This model has obtained an MIT license, which means that it can be freely used for commercial purposes, and early tests in the industry have confirmed that the model can run directly on consumer-grade hardware, such as the high-end market Apple MacStudio.
AI researcher Awni Hannun said that the new DeepSeek-V3 model can run at a speed of 20 tokens per second on an Apple computer equipped with an M3 Ultra chip. This breaks the industry's earlier consensus on the conflict between artificial intelligence model capabilities and localized operation, and also means that data centers are not a necessary match for large models.

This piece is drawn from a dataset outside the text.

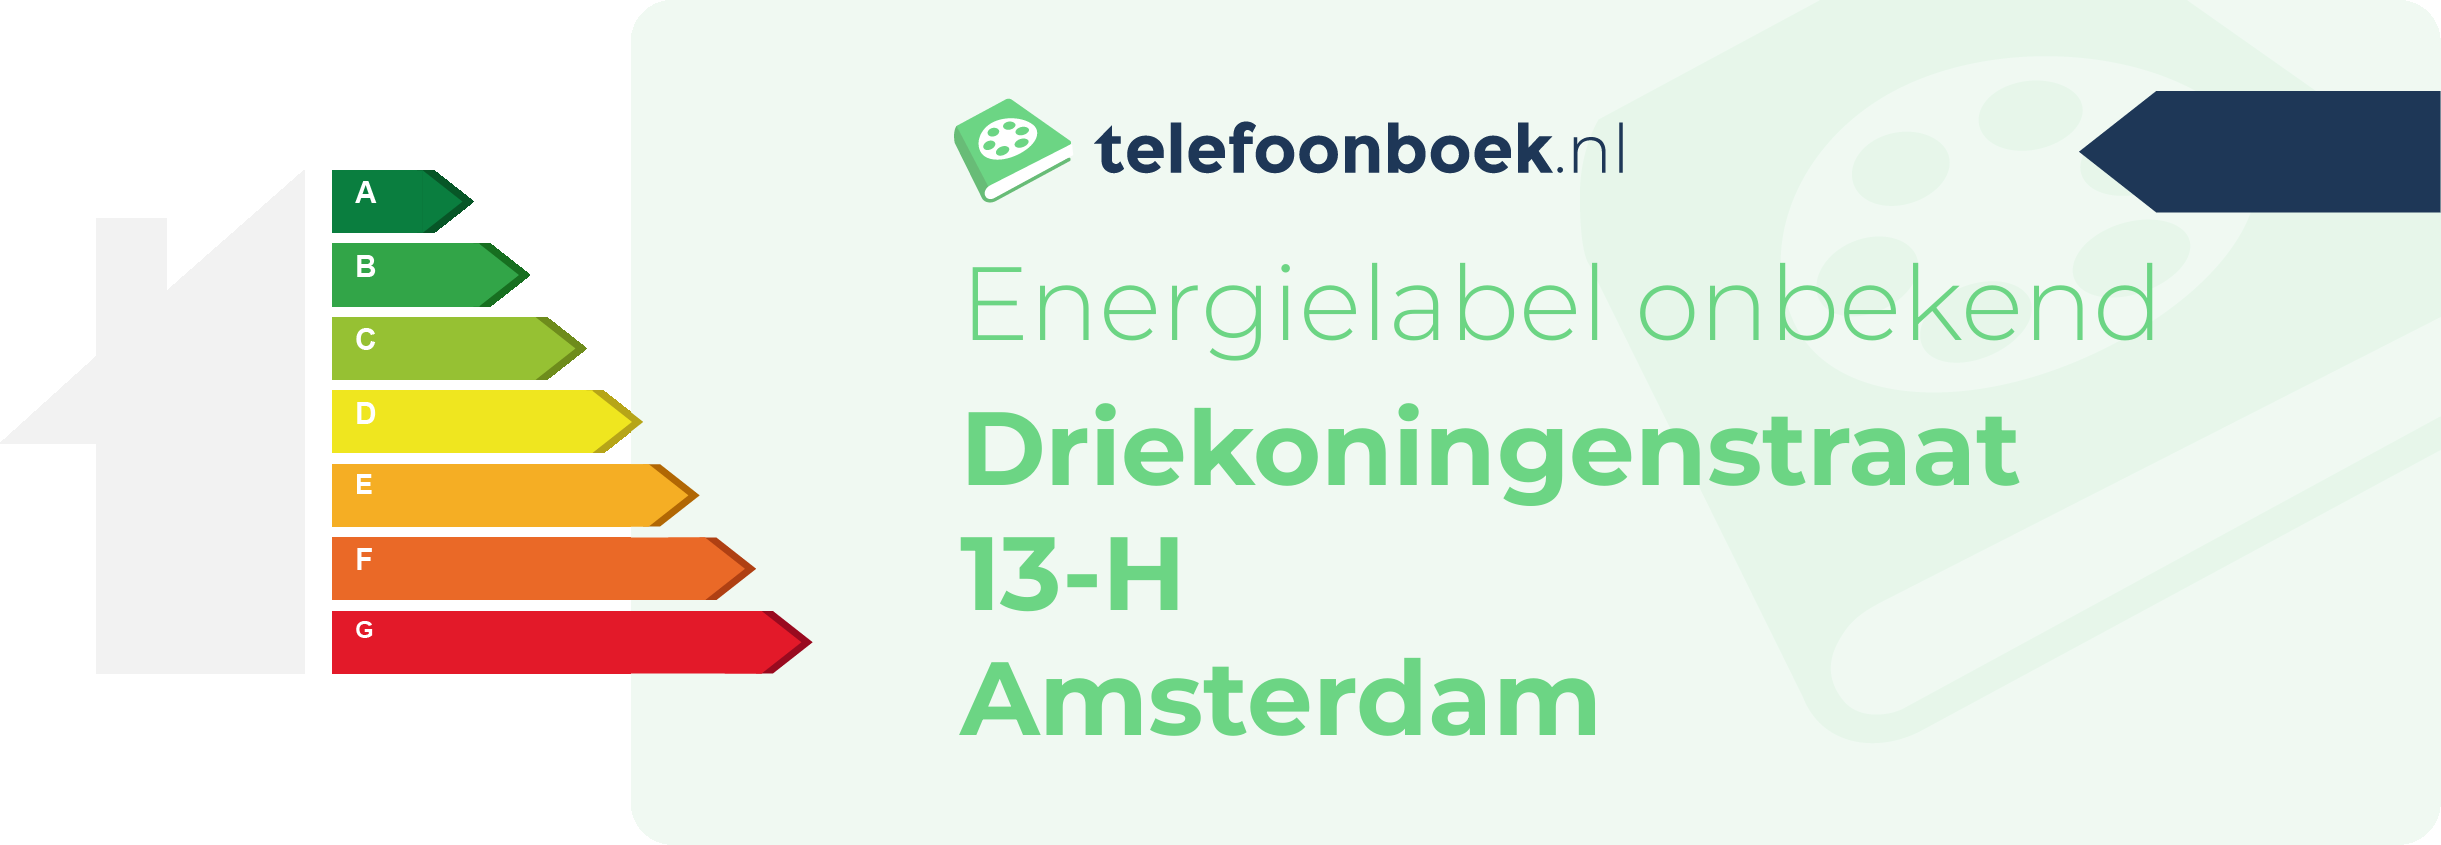 Energielabel Driekoningenstraat 13-H Amsterdam

Another artificial intelligence researcher, Xeophon, claimed on X that after testing the new version of DeepSeek-V3 on an internal workbench, he found that it had made a huge leap in all the indicators tested. It is now the best non-inferential model, surpassing Oracle's Claude Sonnet 3.5.
Low-key but sensational
DeepSeek-V3-0324 came out without a white paper or any publicity, only an empty ReadMe file. This almost austere launch form stands in sharp contrast to Silicon Valley’s carefully curated product promotion model.
At the same time, DeepSeek's models are all open source and free for anyone to download and use, as opposed to one of the best commercial models, ClaudeSonnet, which charges a monthly fee of $20.
In addition, DeepSeek fundamentally reimagines how large language models operate, activating only about 37 billion parameters instead of all, so-called "expert" modules, during a specific task, which greatly reduces computational requirements.
The model also features two other breakthrough technologies: Multi-Latent Attention (MLA) and Multi-Tag Prediction (MTP). MLA enhances the model's ability to maintain context across long texts, while MTP generates multiple tokens at each step instead of the usual method of generating one token at a time. Together, these innovations increase output speed by nearly 80%.
To a certain extent, DeepSeek embodies the spirit of Chinese enterprises’ ultimate pursuit of efficiency and resources, that is, how to achieve equal or more optimized performance with limited computing resources. This demand-driven innovation has enabled China’s artificial intelligence to shock the world within a few months.
The changes in DeepSeek's new model are also of great significance to the industry. On the one hand, it greatly reduces the energy consumption and computing costs of large models, further shaking Wall Street's assumptions about the scale of investment in top model infrastructure. On the other hand, the broad consensus on open source in China's artificial intelligence industry has rapidly promoted the development of the domestic AI industry, continuously shortening the distance between it and the world's top opponents.
Others believe that with DeepSeek’s rapid catch-up, the R2 model it plans to release in April may directly challenge OpenAI’s long-publicized GPT-5 model. If this prospect really happens, then the different ideas of China and the United States in developing artificial intelligence may usher in a direct confrontation.